** Opening Data listing block **

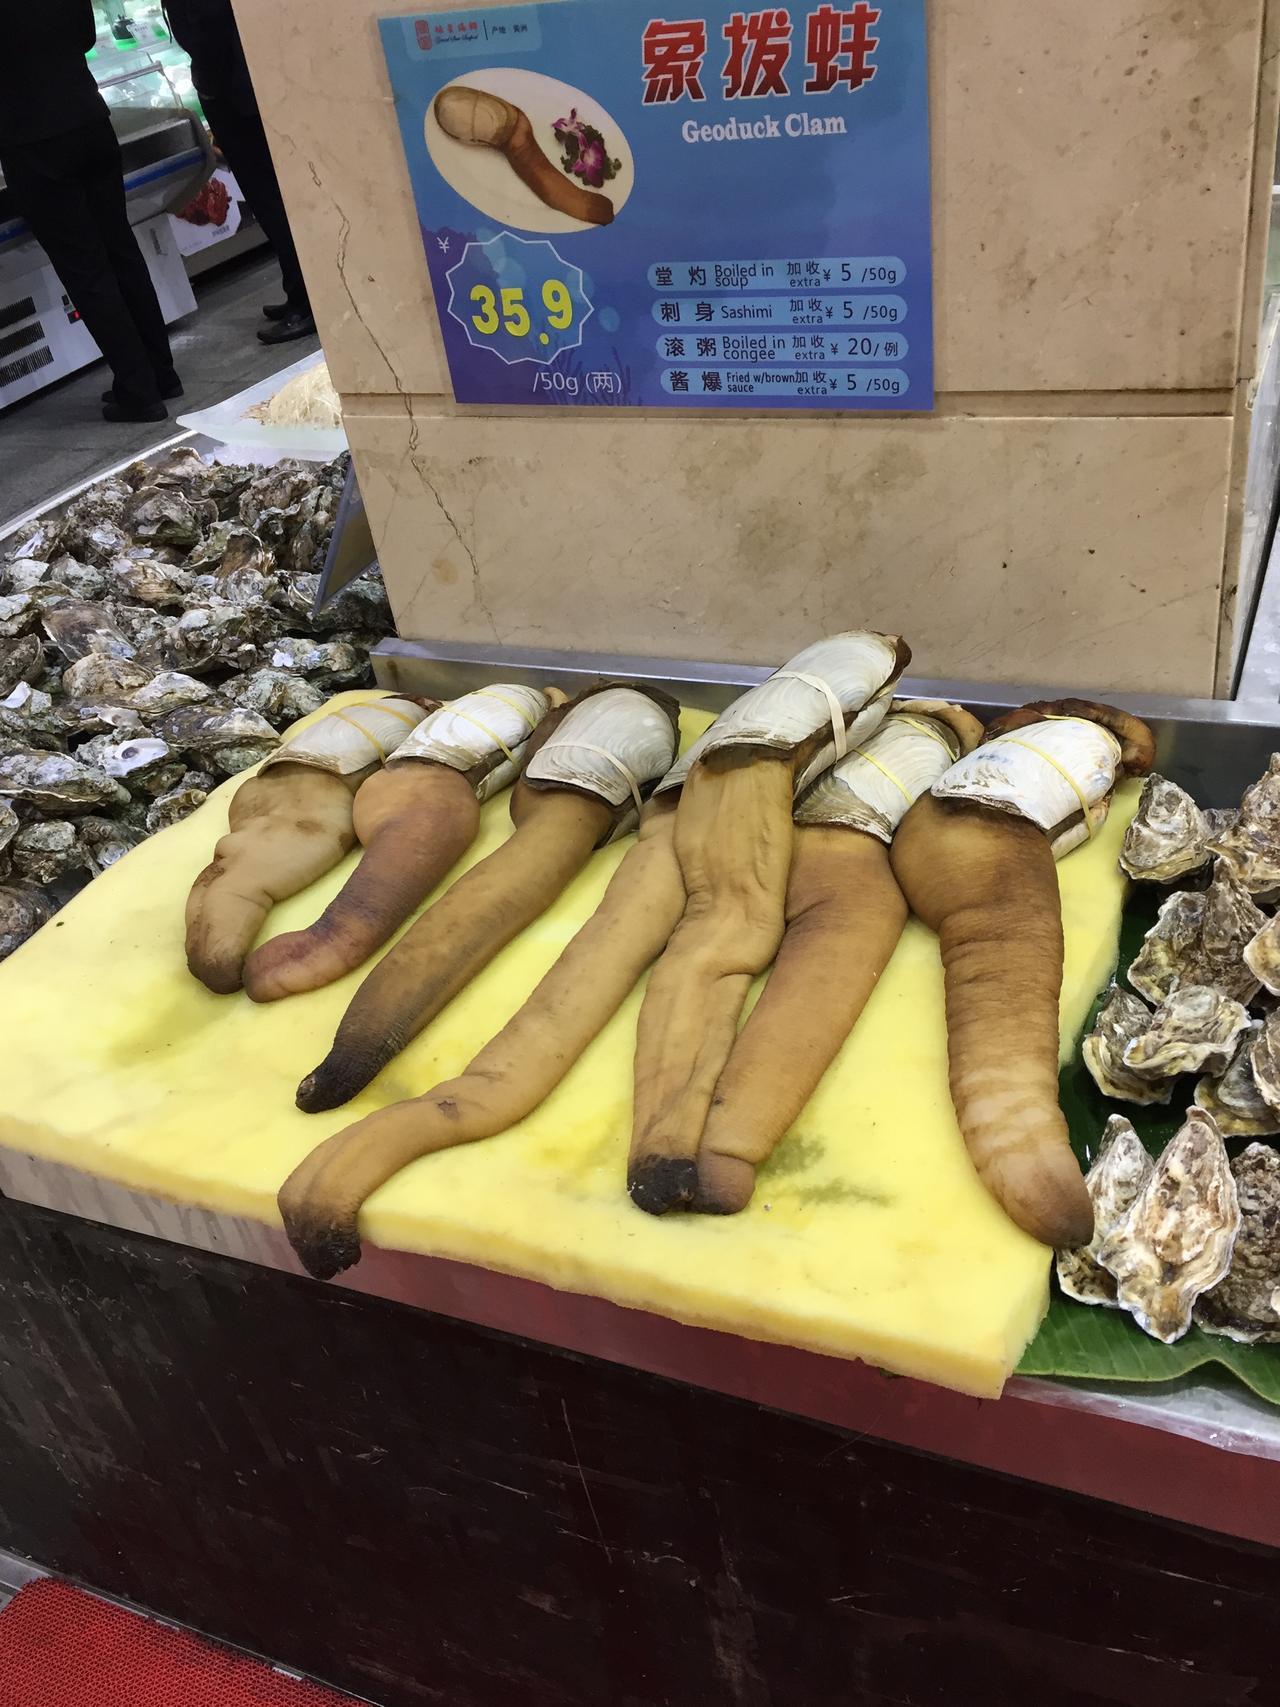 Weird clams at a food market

** Closing Data listing block **
** Opening Data listing block **

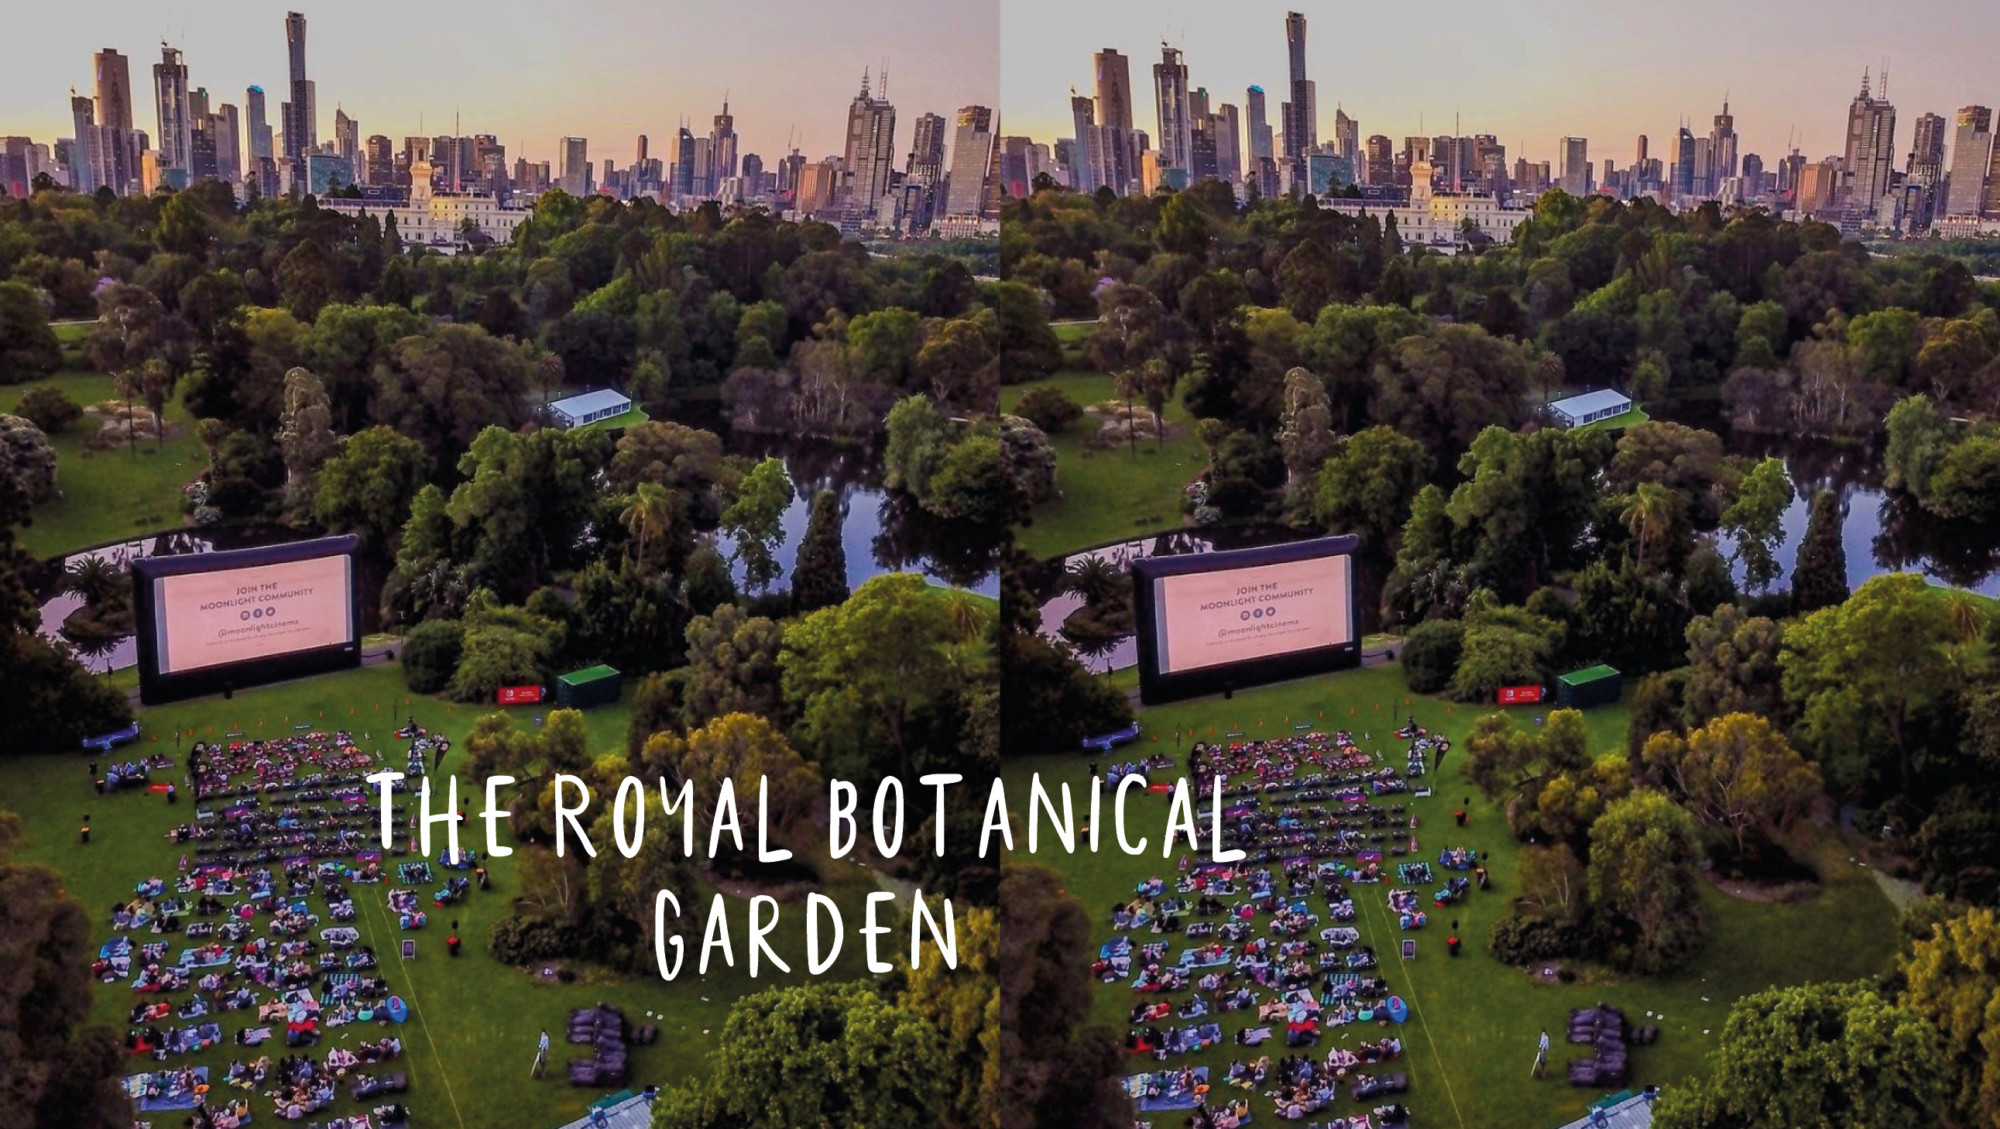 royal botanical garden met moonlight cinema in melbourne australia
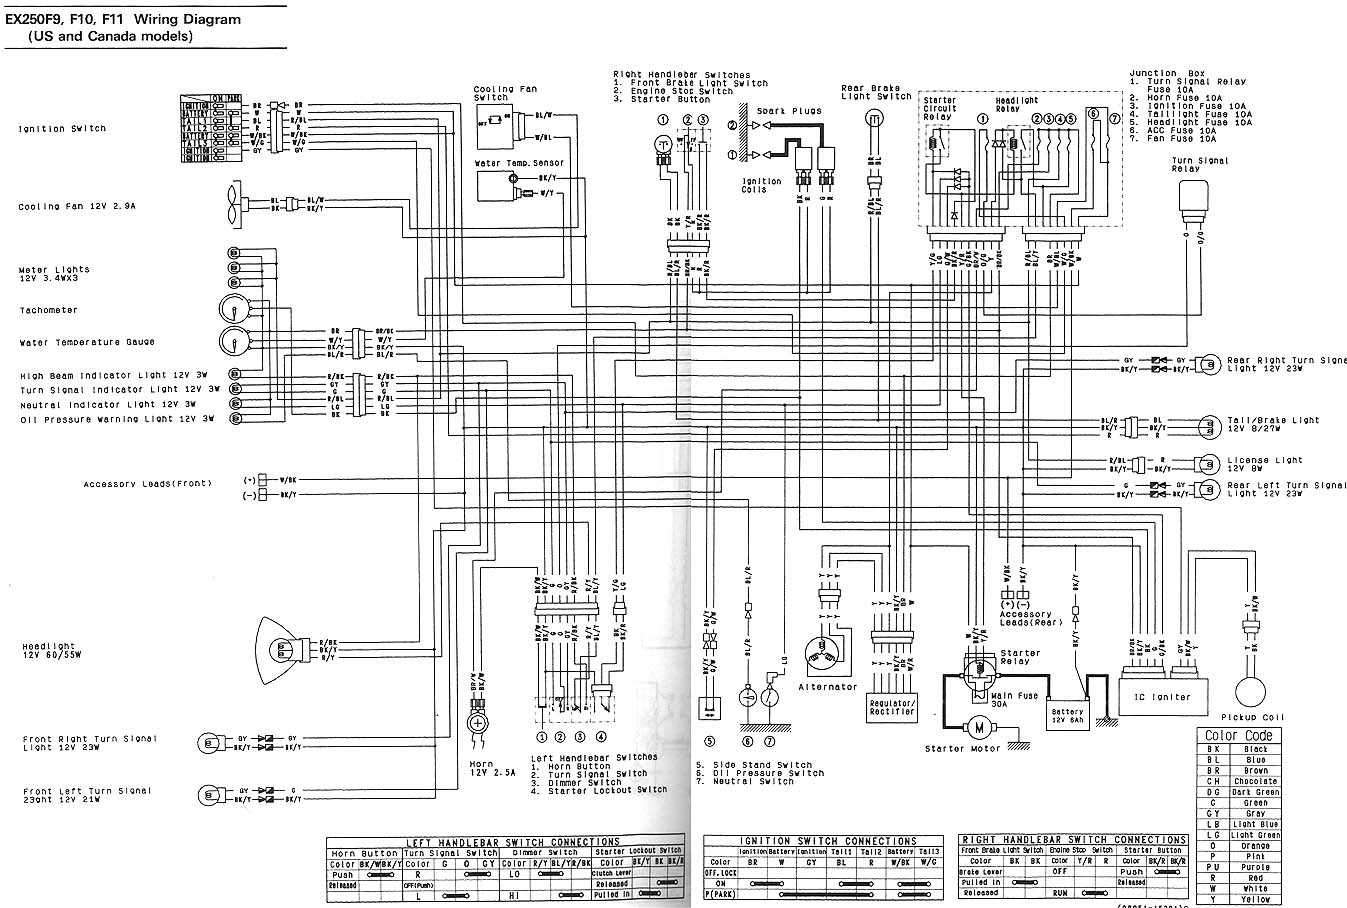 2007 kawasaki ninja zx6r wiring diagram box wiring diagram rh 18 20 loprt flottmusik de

** Closing Data listing block **
** Opening Data listing block **

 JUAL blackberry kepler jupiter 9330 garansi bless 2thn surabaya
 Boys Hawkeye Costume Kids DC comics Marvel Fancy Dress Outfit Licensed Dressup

** Closing Data listing block **

_Task directions_
Produce an exact reproduction of the listing above, limited to the lines starting at the line with "royal botanical garden" and ending at the line with "2007 kawasaki ninja", both kept, with every picture left out.

_Expected answer_
 royal botanical garden met moonlight cinema in melbourne australia
 2007 kawasaki ninja zx6r wiring diagram box wiring diagram rh 18 20 loprt flottmusik de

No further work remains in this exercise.